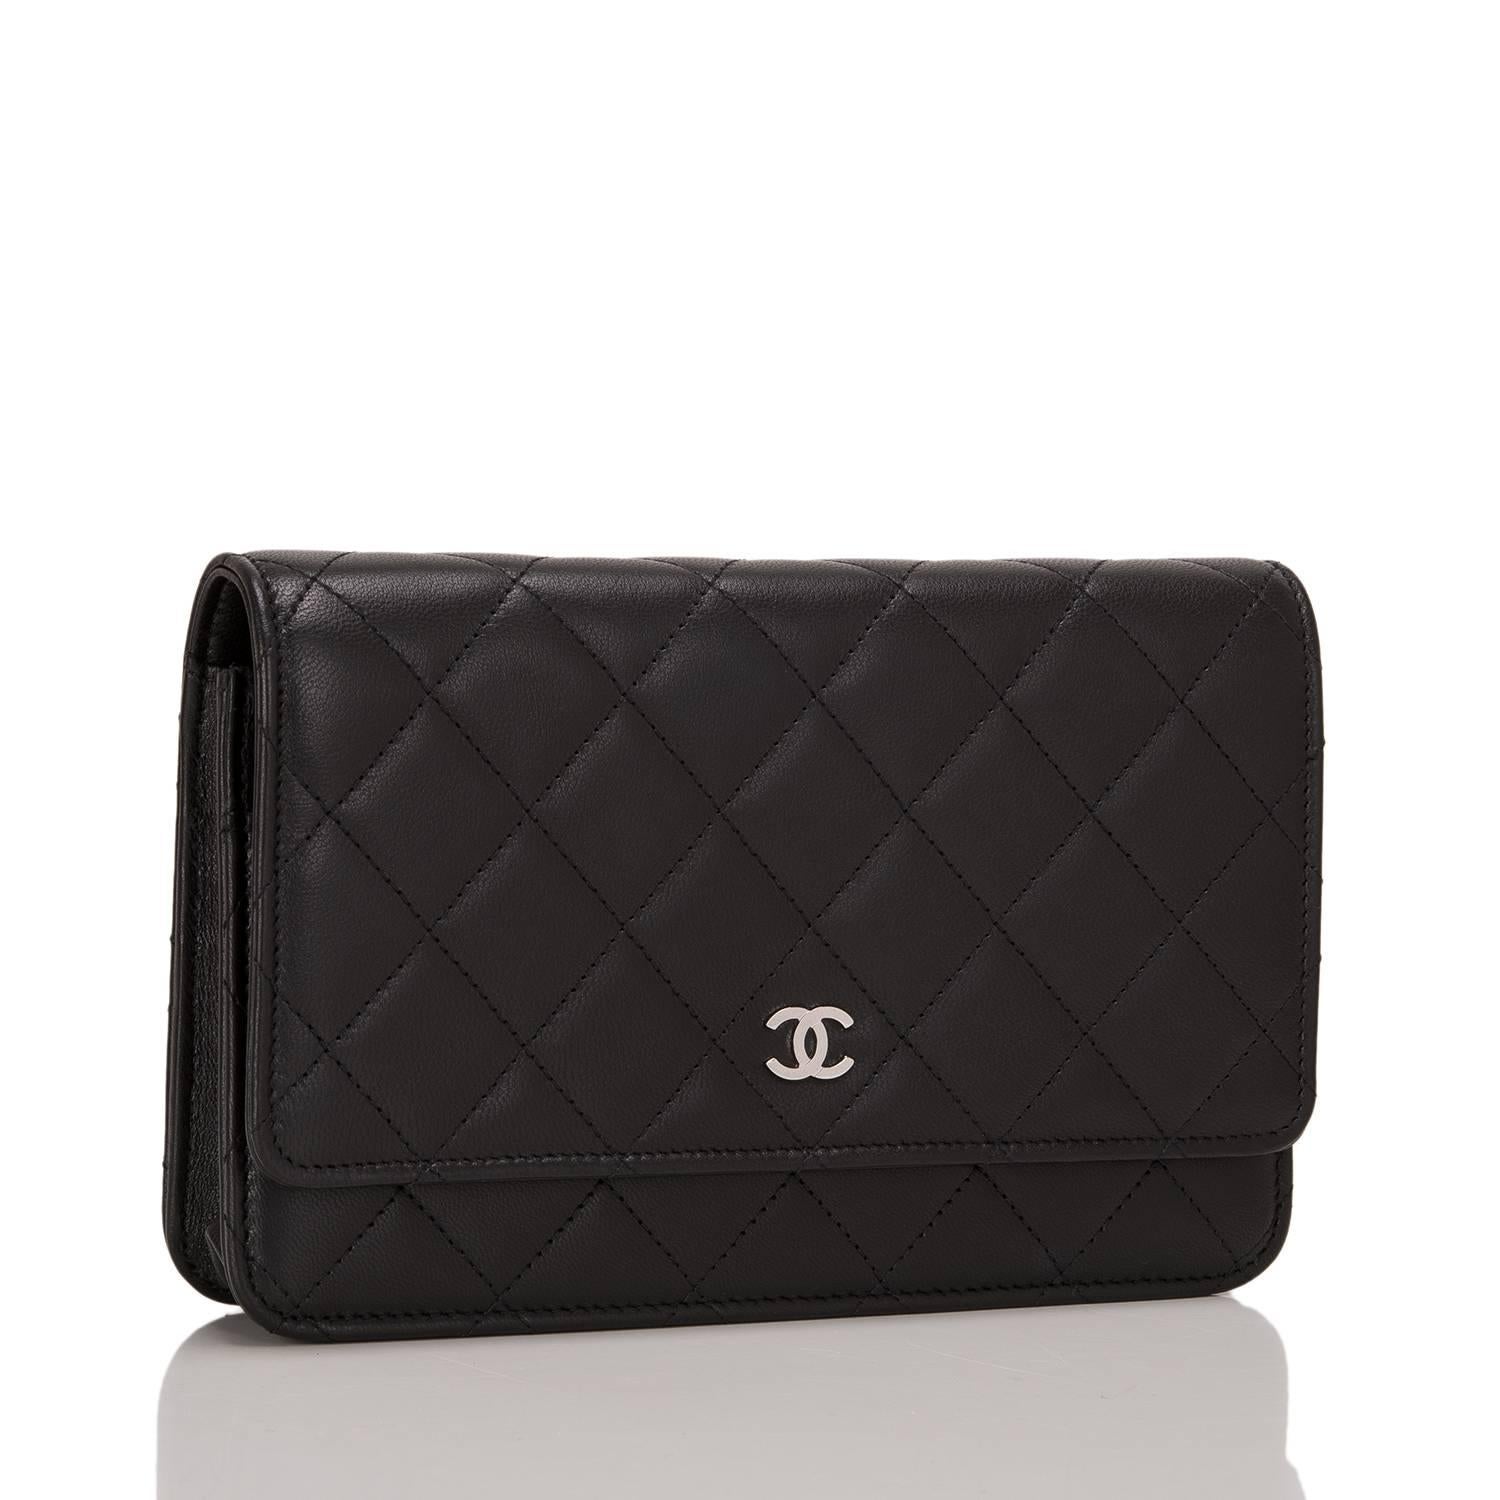 Chanel Classic Wallet On Chain (WOC) of black calfskin leather with silver tone hardware.

This Wallet On Chain features signature Chanel quilting, a front flap with CC charm and hidden snap closure, a half moon pocket at the rear and an
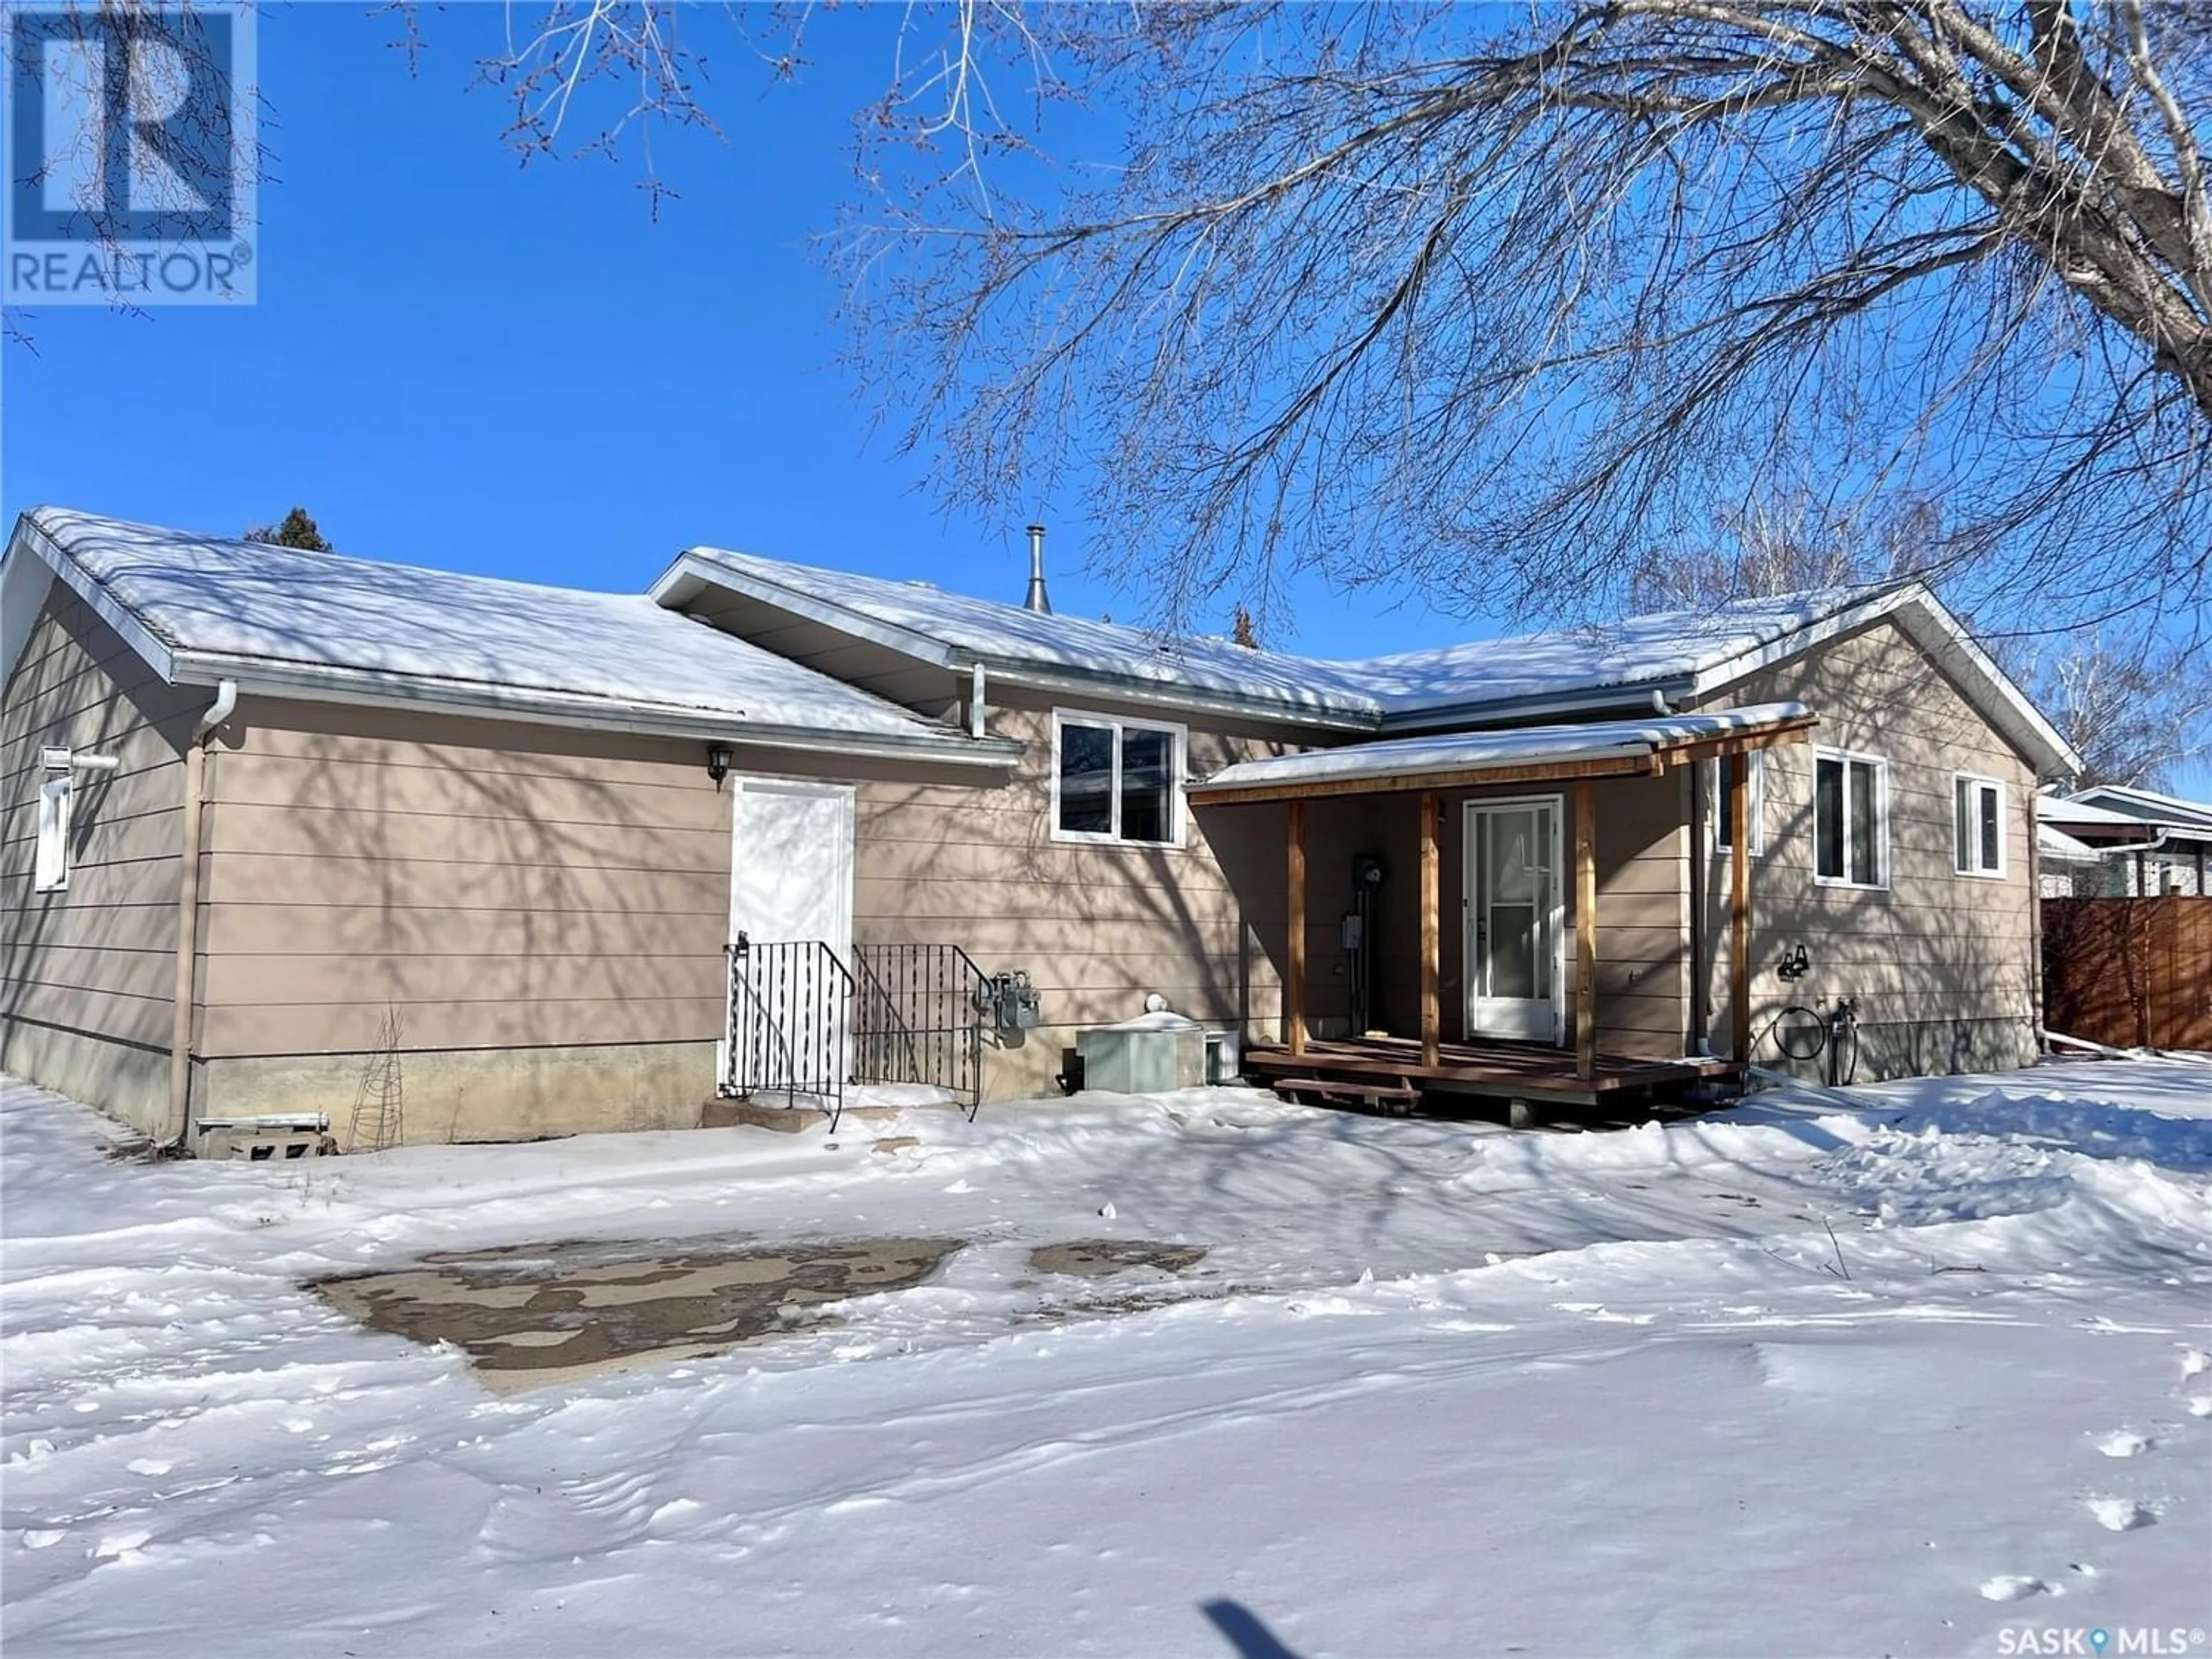 Home with unknown exterior material for 37 Carter CRESCENT, Outlook Saskatchewan S0L2N0
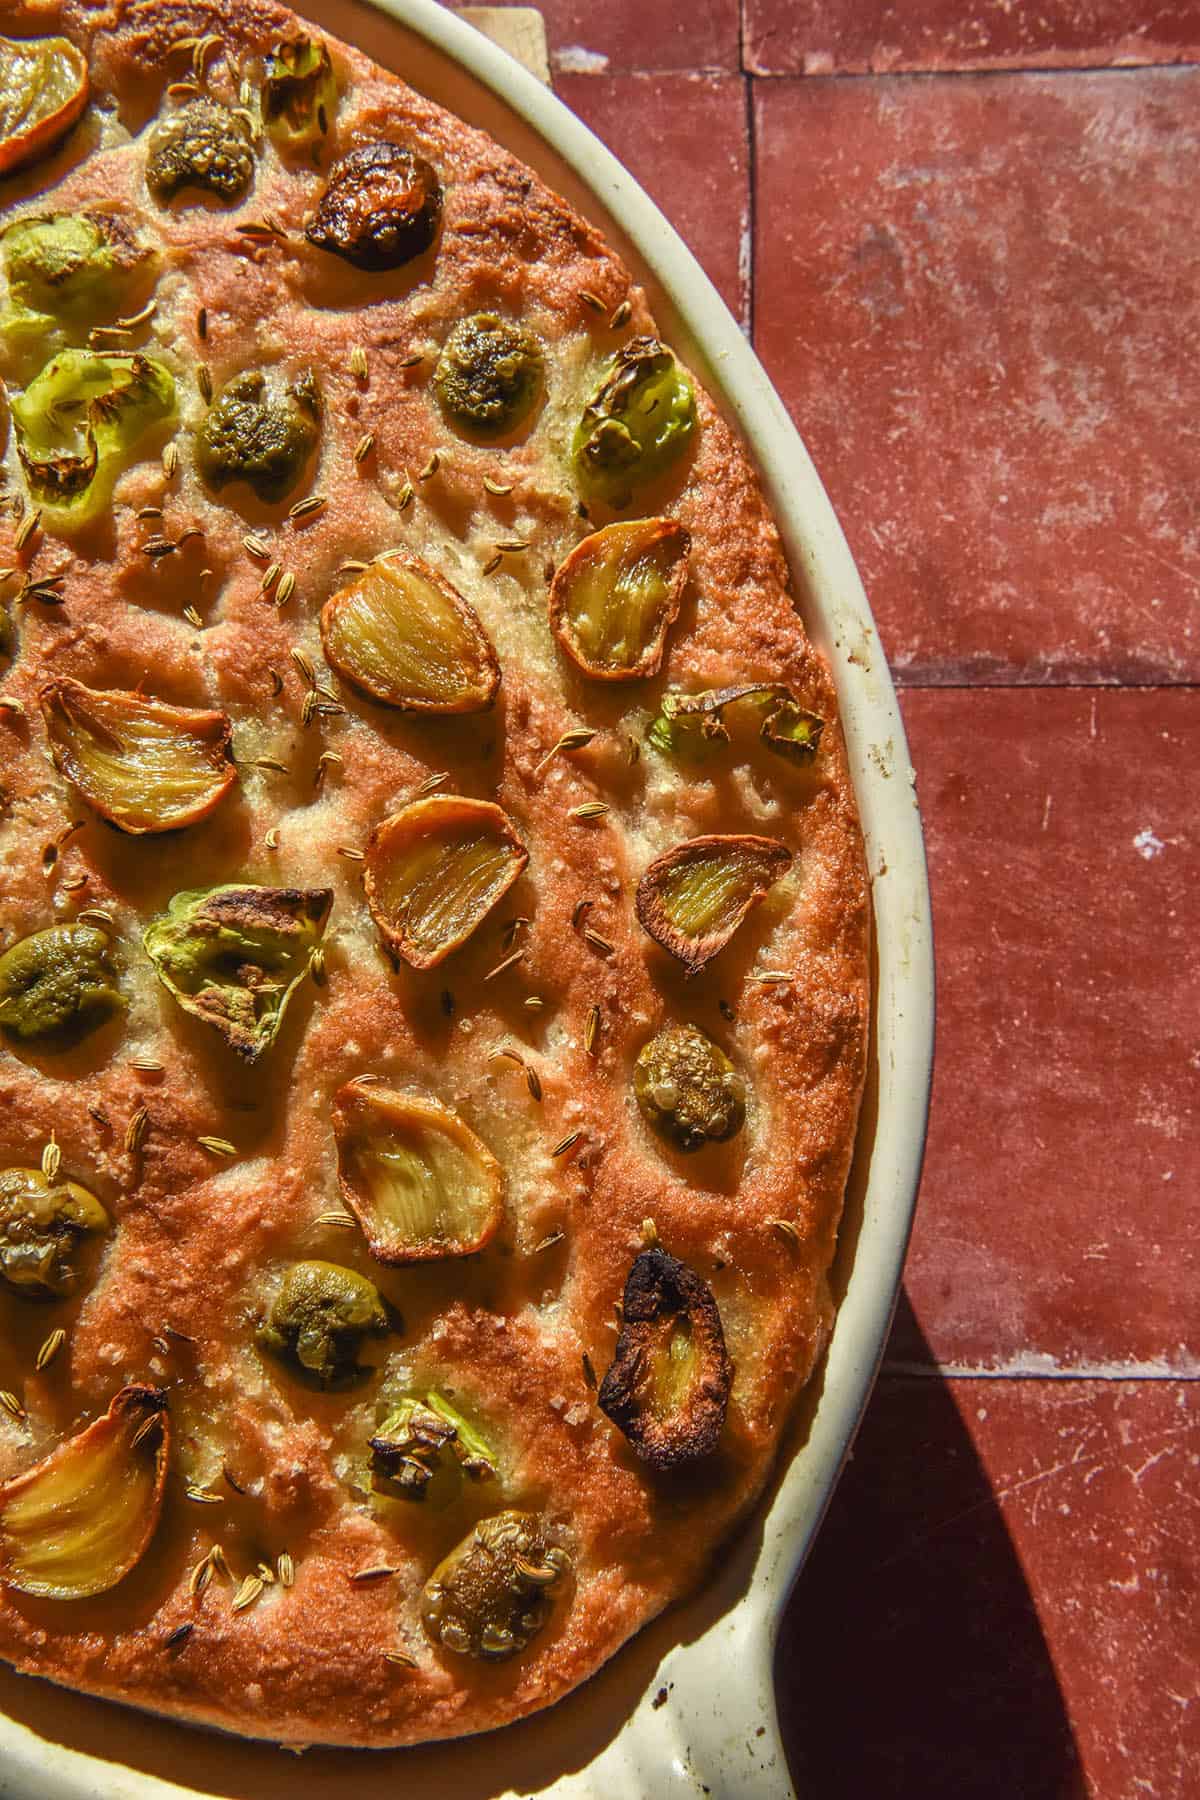 An aerial image of a golden brown gluten free focaccia topped with pickled roasted garlic, olives, pickled peppers and fennel seeds. The focaccia sits in a white ceramic baking dish atop terracotta tiles

::::::

What is being asked:
A word-for-word transcription of the listing is needed, minus its images.

The answer:
 Chanel Classic Wallet On Chain (WOC) of black calfskin leather with silver tone hardware.

This Wallet On Chain features signature Chanel quilting, a front flap with CC charm and hidden snap closure, a half moon pocket at the rear and an
 Home with unknown exterior material for 37 Carter CRESCENT, Outlook Saskatchewan S0L2N0
 An aerial image of a golden brown gluten free focaccia topped with pickled roasted garlic, olives, pickled peppers and fennel seeds. The focaccia sits in a white ceramic baking dish atop terracotta tiles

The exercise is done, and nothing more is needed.